Billie Holiday's chaotic life reportedly began in Baltimore on April 7, 1915 (a few reports say 1912) when she was born Eleanora Fagan Gough. Her father, Clarence Holiday, was a teenaged jazz guitarist and banjo player later to play in Fletcher Henderson's Orchestra.

 With her mother (Sadie Fagan), she moved in 1927, first to New Jersey and soon after to Brooklyn. According to the Billie Holiday legend, her big singing break came in 1933 when a laughable dancing audition at a speakeasy prompted her accompanist to ask her if she could sing. In fact, Holiday was most likely singing at clubs all over New York City as early as 1930-31. Whatever the true story, she first gained some publicity in early 1933, when record producer John Hammond -- only three years older than Holiday herself, and just at the beginning of a legendary career -- wrote her up in a column for Melody Maker and brought Benny Goodman to one of her performances. After recording a demo at Columbia Studios, Holiday joined a small group led by Goodman to make her commercial debut on November 27, 1933 with "Your Mother's Son-In-Law."

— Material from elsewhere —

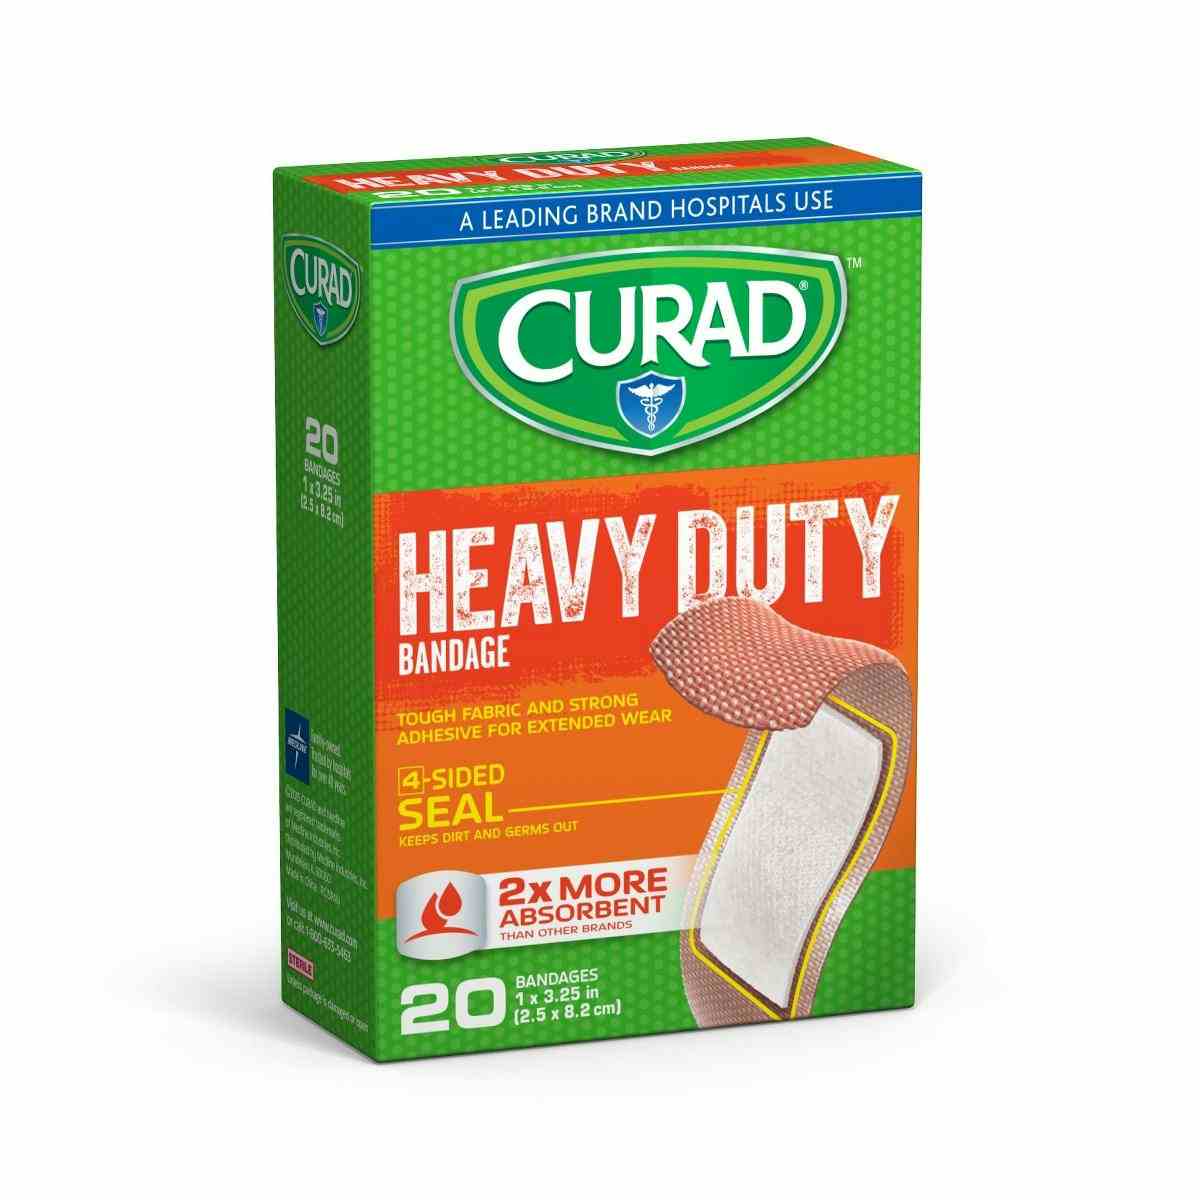 Curad Heavy Duty Bandages, CUR14925RBH, 1" X 3.25" - Box of 20

Plagued by personal problems and various celebrity hawks from all portions of the underworld (jazz, drugs, song publishing, etc.), she soldiered on for Decca until 1950. In 1952, she began recording for jazz entrepreneur Norman Granz, owner of the excellent labels Clef, Norgran, and by 1956, Verve. The recordings returned her to the small-group intimacy of her Columbia work, and reunited her with Ben Webster as well as other top-flight musicians such as Oscar Peterson, Harry "Sweets" Edison, and Charlie Shavers. Though the ravages of a hard life were beginning to take their toll on her voice, many of Holiday's mid-'50s recordings are just as intense and beautiful as her classic work.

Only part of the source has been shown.